ソフィアって、そんなに偉い人だったのっ?
そんな人が僕の世話をしてくれてて・・・っ。
それで、女官長を辞めるって?
「なんでも、おぬしのことが気に入ったので自分の手で育ててみたいのだとソフィアは言っておったぞ。あの女にそこまで言わせるのは、さすがに『月の姫』と言ったところなのか?」
面白そうに瞳を眇める皇帝に、シュナイゼルが優美な笑顔を向ける。
「『枢木の巫女姫を得るものは、世界を握る』。そんな幸運を授けてくれる姫君を妻に迎えられた私は幸せ者でございます。しかし、私の妻になったとは言え、姫はまだ14。まだまだ幼い姫を心配していたのですが、ソフィアがまるで実の娘のように可愛がってくれるので私もついそれに甘えてしまっております」
優しく穏やかに笑みを浮かべてスザクを見つめたシュナイゼルは、唇だけで『私に合わせていなさい』とスザクに伝える。

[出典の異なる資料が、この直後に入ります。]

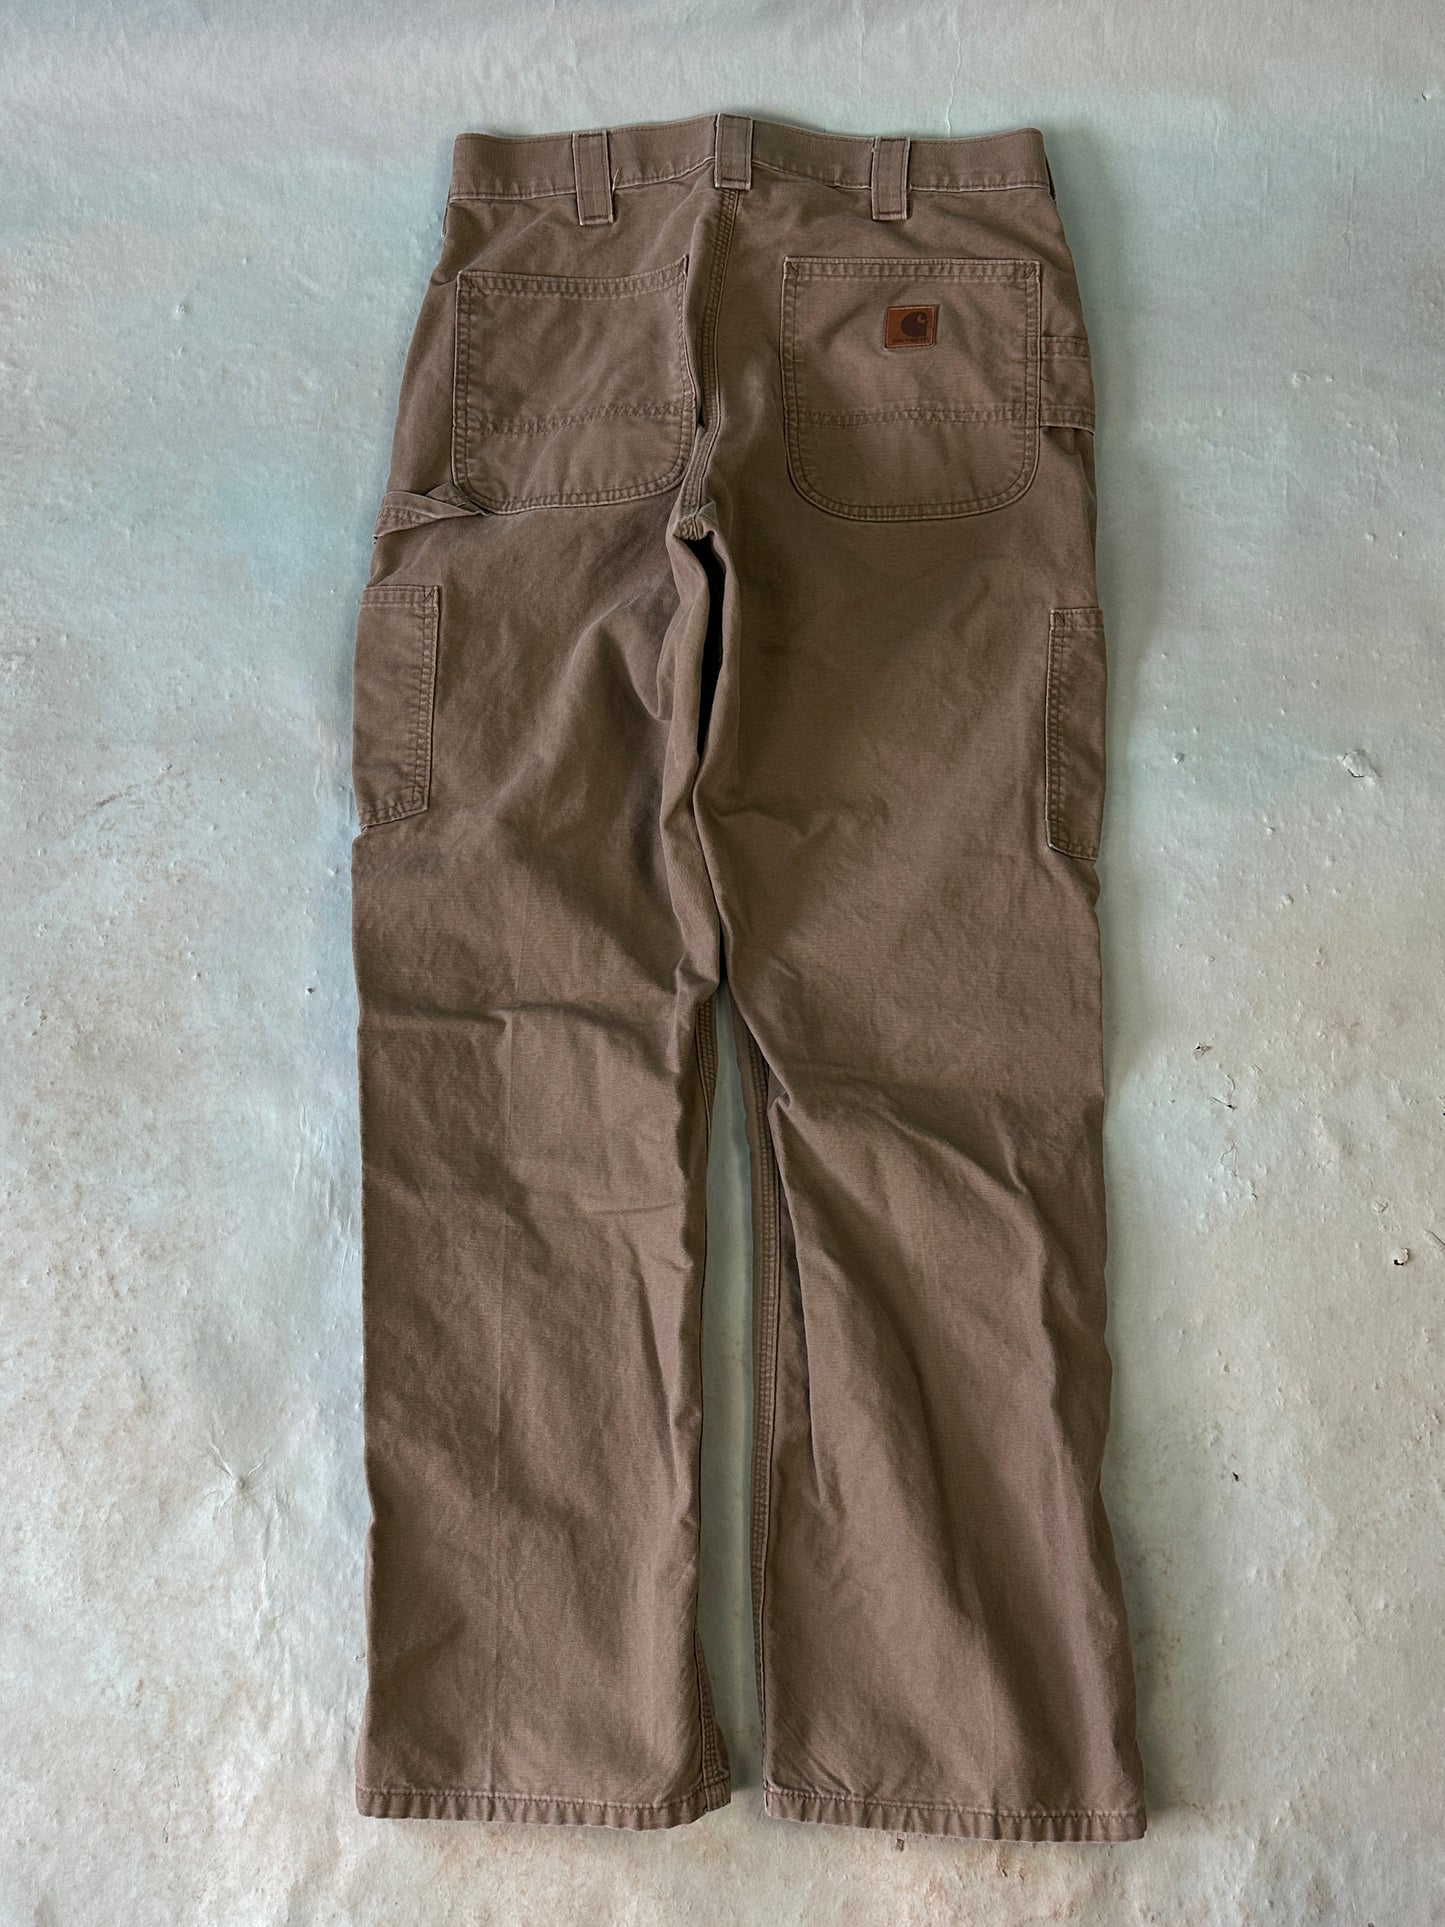 Carhartt Carpenter Vintage Pants - 32 x 32

「昔からあの女は、自分が気に入ったことにしか力を貸さん。ソフィアのしたいようにせよと、お前からあれに伝えよ」
「はっ。かしこまりました」
事実上、ソフィアの辞職を認めた皇帝の表情に淋しげな笑みが浮かぶのをスザクは見逃さなかった。
駄目。
皇帝陛下だってソフィアのこと必要なのに、僕が独り占めしちゃ駄目。
だって、こんなに淋しそう。
「あのっ、ぼく・・・っ、わたしがあんまりにも何もできないから、ソフィアは心配してくれてるんですっ。だけど、早くちゃんと自分でいろんなことをできるように、ソフィアを心配させないように頑張りますから・・・!だから、ずっとじゃなくて、少しだけ・・・。少しだけ、ソフィアをお借りしていて良いでしょうか・・・っ」
一生懸命に言葉を紡いで、スザクは皇帝に懇願する。
潤んだ翠の瞳と、震える小さな桜色の唇に、皇帝は苦笑を漏らした。
なるほど、と皇帝は胸の中で考える。ソフィアが気に入ったのは、スザクのこういった素直さや優しさなのだろうと思い至る。
「わしはソフィアをクビにするのではない。戻ってきたいとソフィアが思ったのならば、いつでも戻ってくれば良い。だが・・・」
こつん、と皇帝が玉座を降り、膝まづいたままのスザクの目の前に膝をつく。
「お前のようないたいけな子供が相手では、わしに勝ち目はなさそうだからな」
そう言って面白そうに笑うと、皇帝は自らの左手の小指に嵌めていた皇家の紋章の入った指輪を外し、スザクの華奢な右手の親指にそれを嵌めた。
ぶかぶかの指輪と目の前の皇帝を見つめ驚きのあまり声もないスザクに代わり、シュナイゼルが『ありがとうございます』と深く頭を下げた。